[INFORMATION SUPPLIED]
■ ■ ■ ■ ■
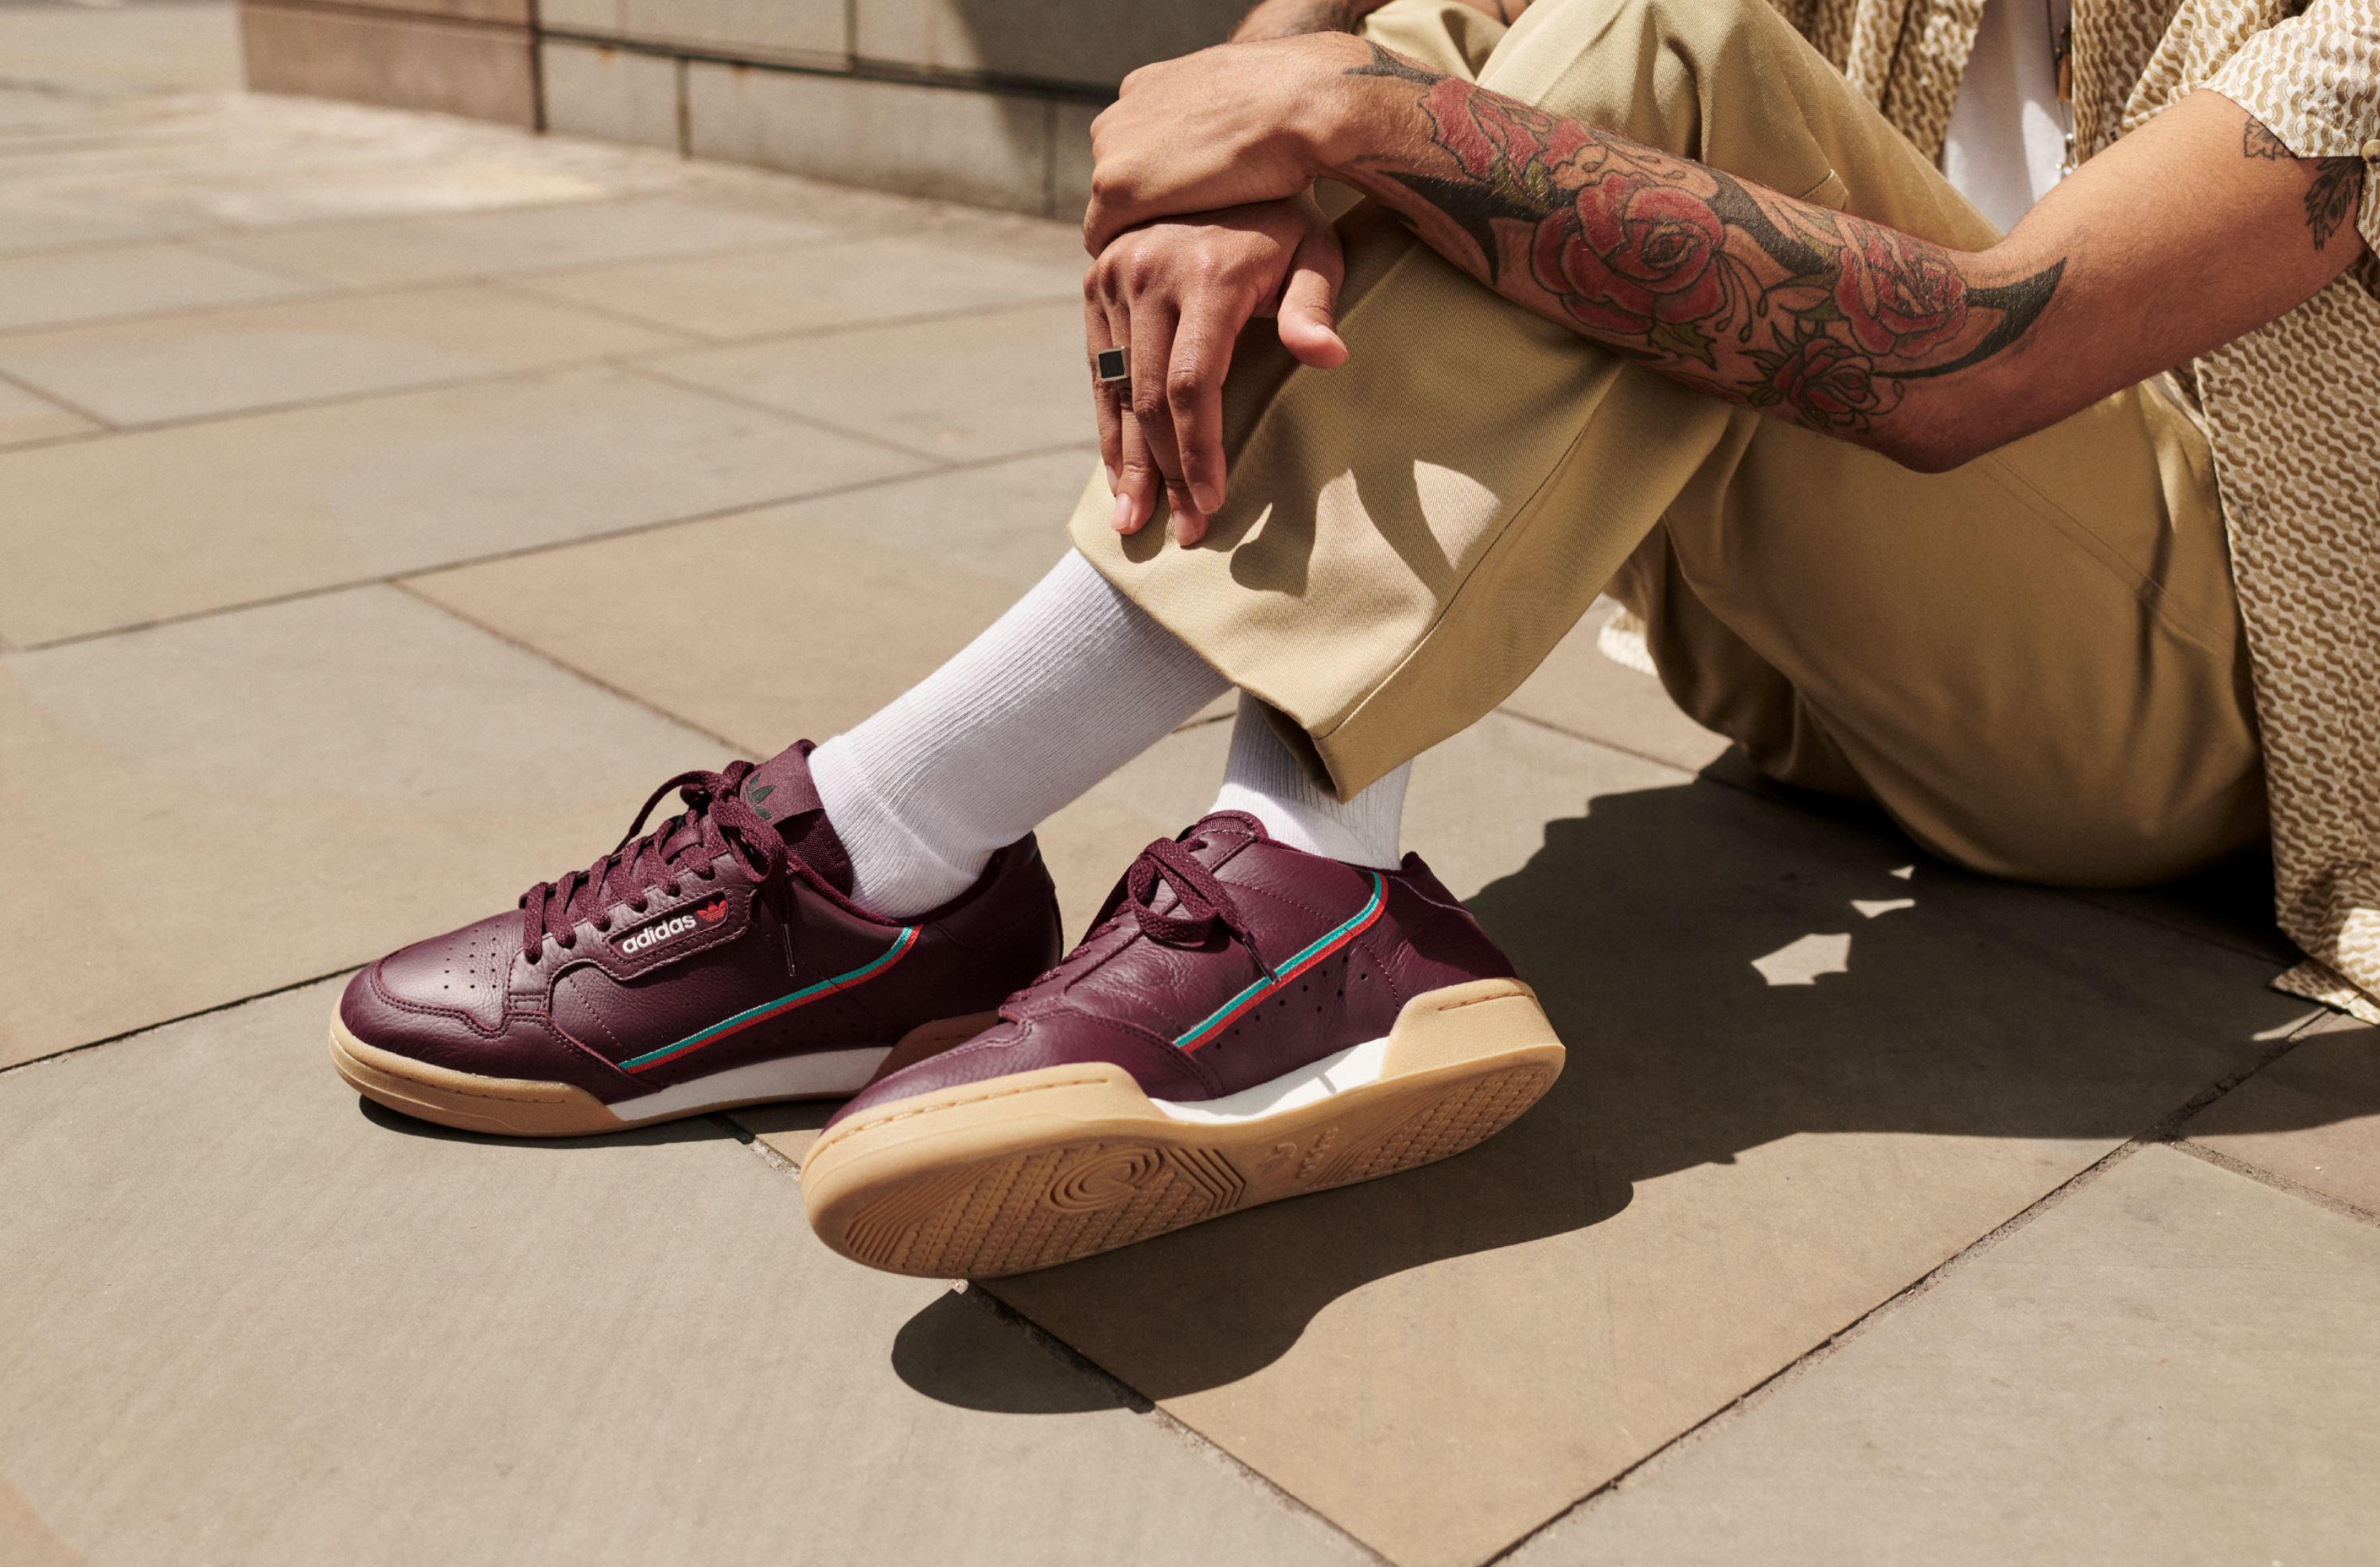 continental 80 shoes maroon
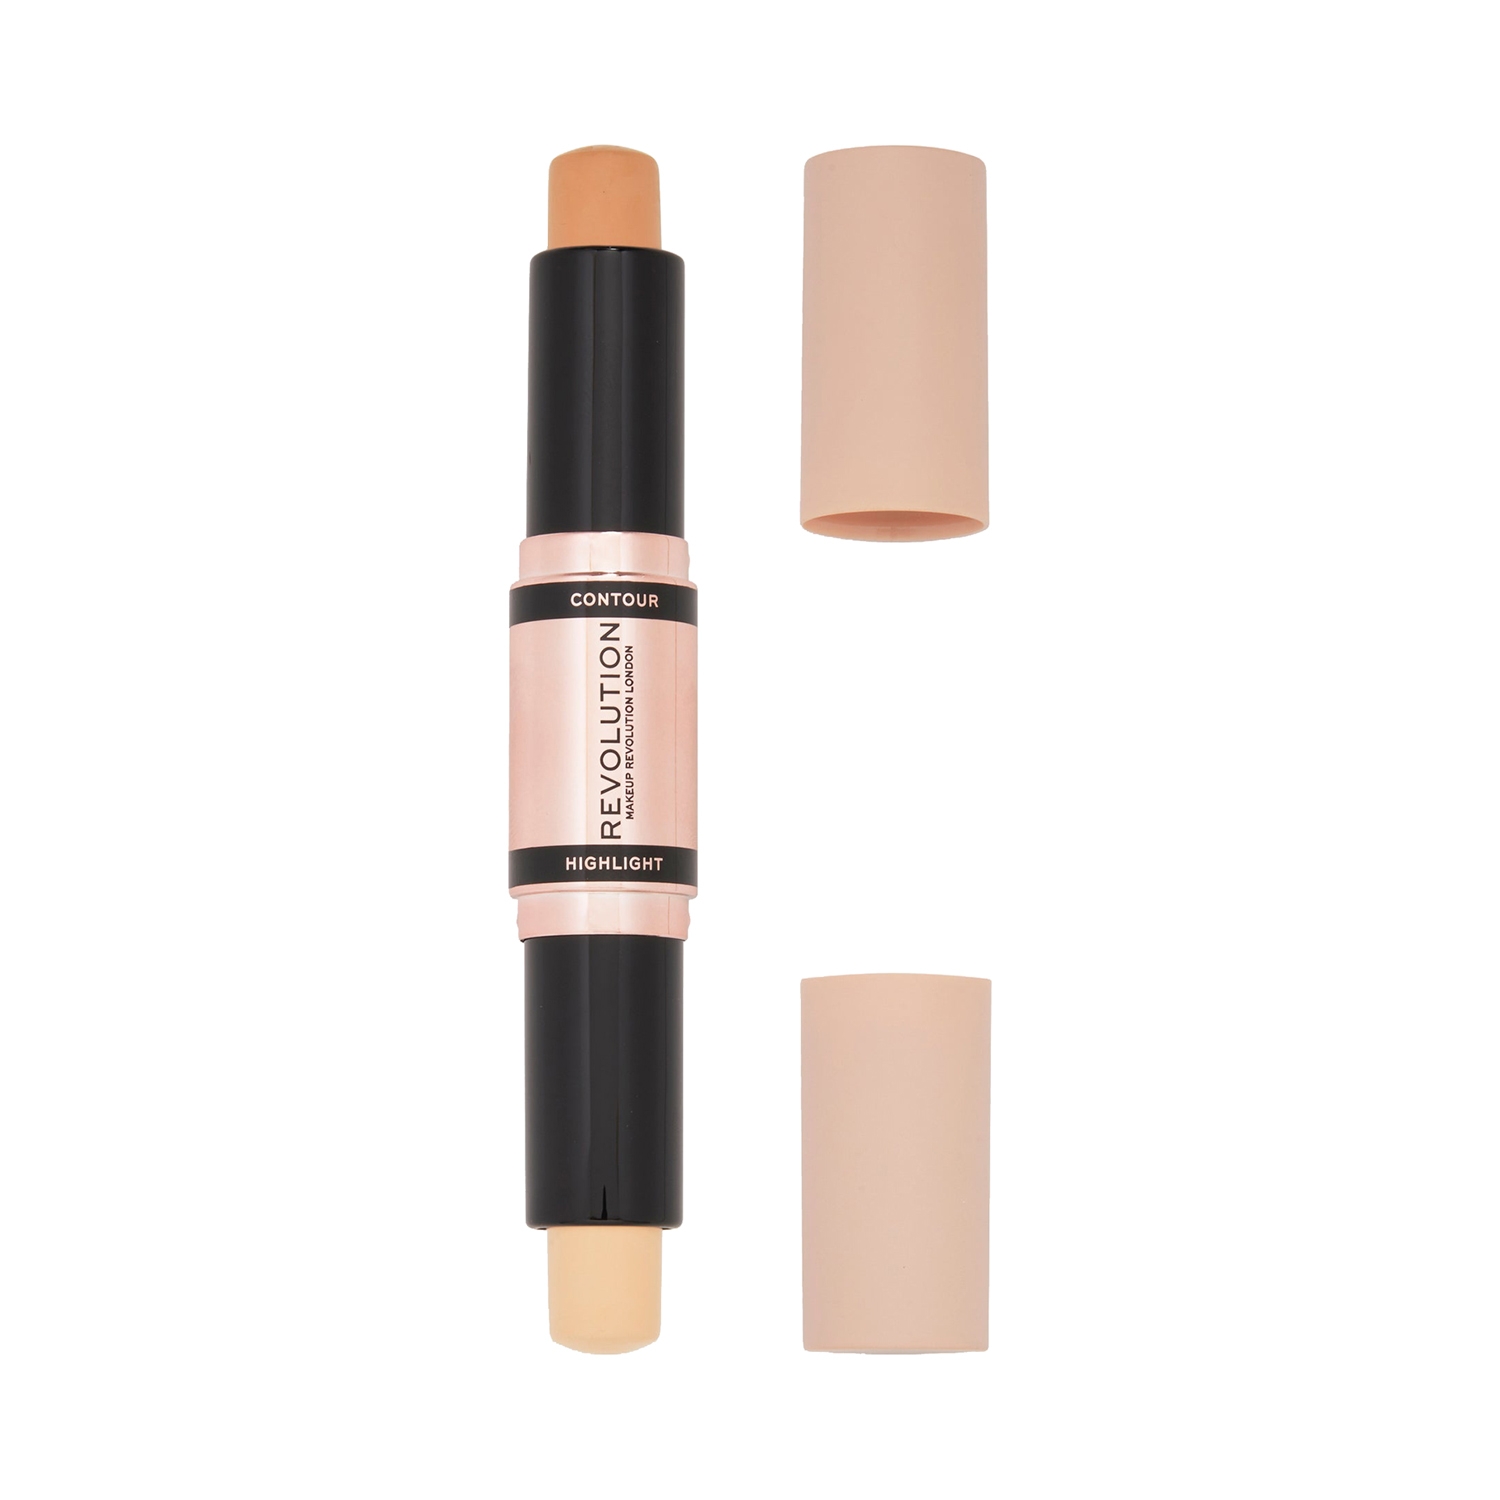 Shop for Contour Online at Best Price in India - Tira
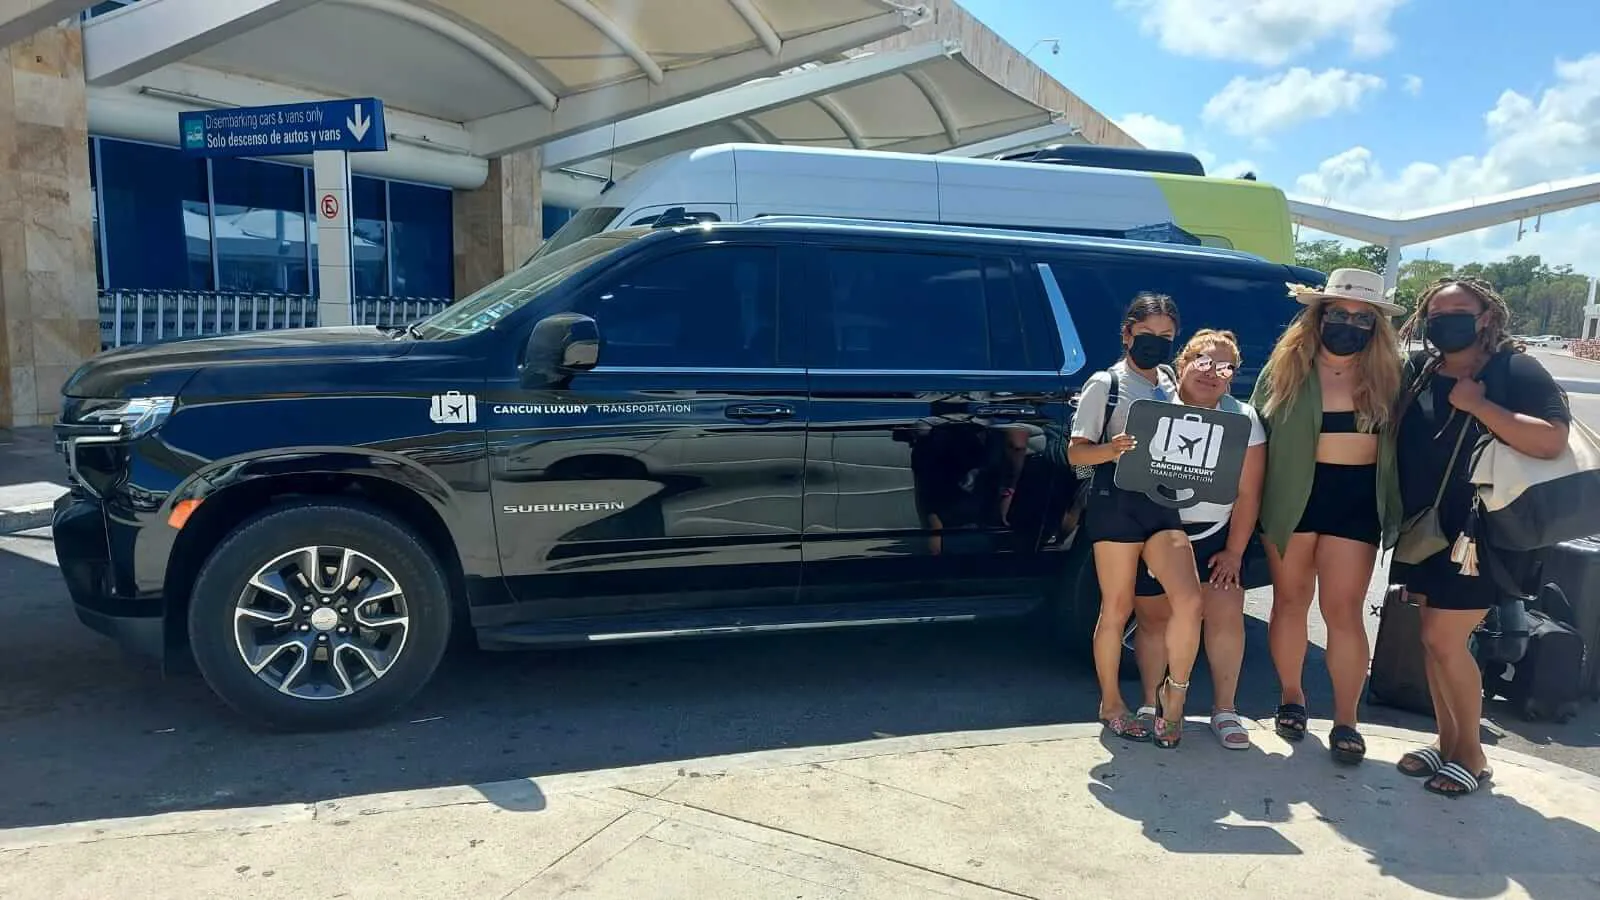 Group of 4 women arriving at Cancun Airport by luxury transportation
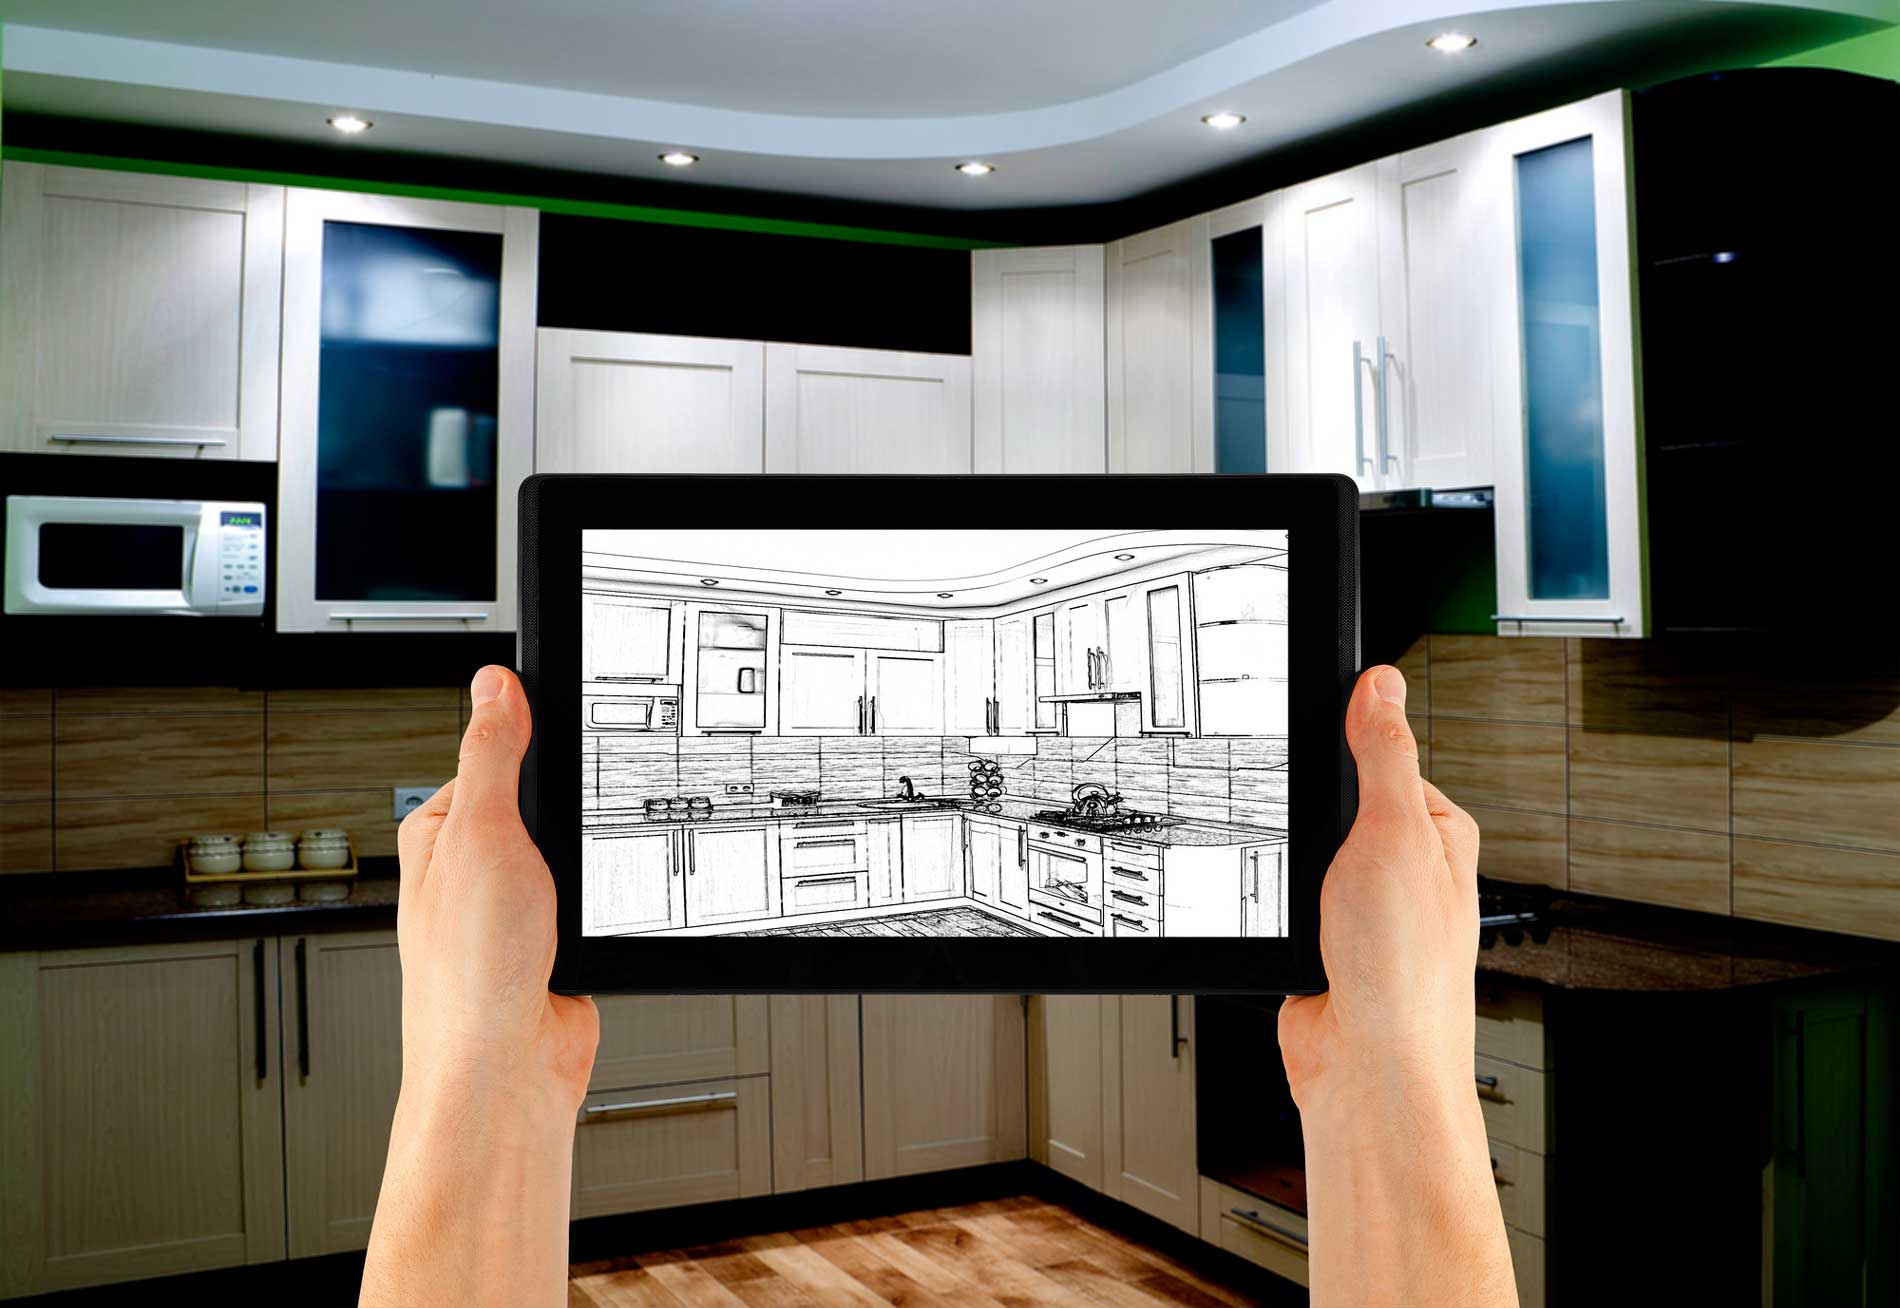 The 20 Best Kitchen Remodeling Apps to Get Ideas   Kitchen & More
■ ■ ■ ■ ■
[WHAT YOU WILL DO]
Copy exactly, and only, the lines from the line containing "Shop for Contour" through the final line of the material above, with no pictures.

[TASK ANSWER]
 Shop for Contour Online at Best Price in India - Tira
 Group of 4 women arriving at Cancun Airport by luxury transportation
 The 20 Best Kitchen Remodeling Apps to Get Ideas   Kitchen & More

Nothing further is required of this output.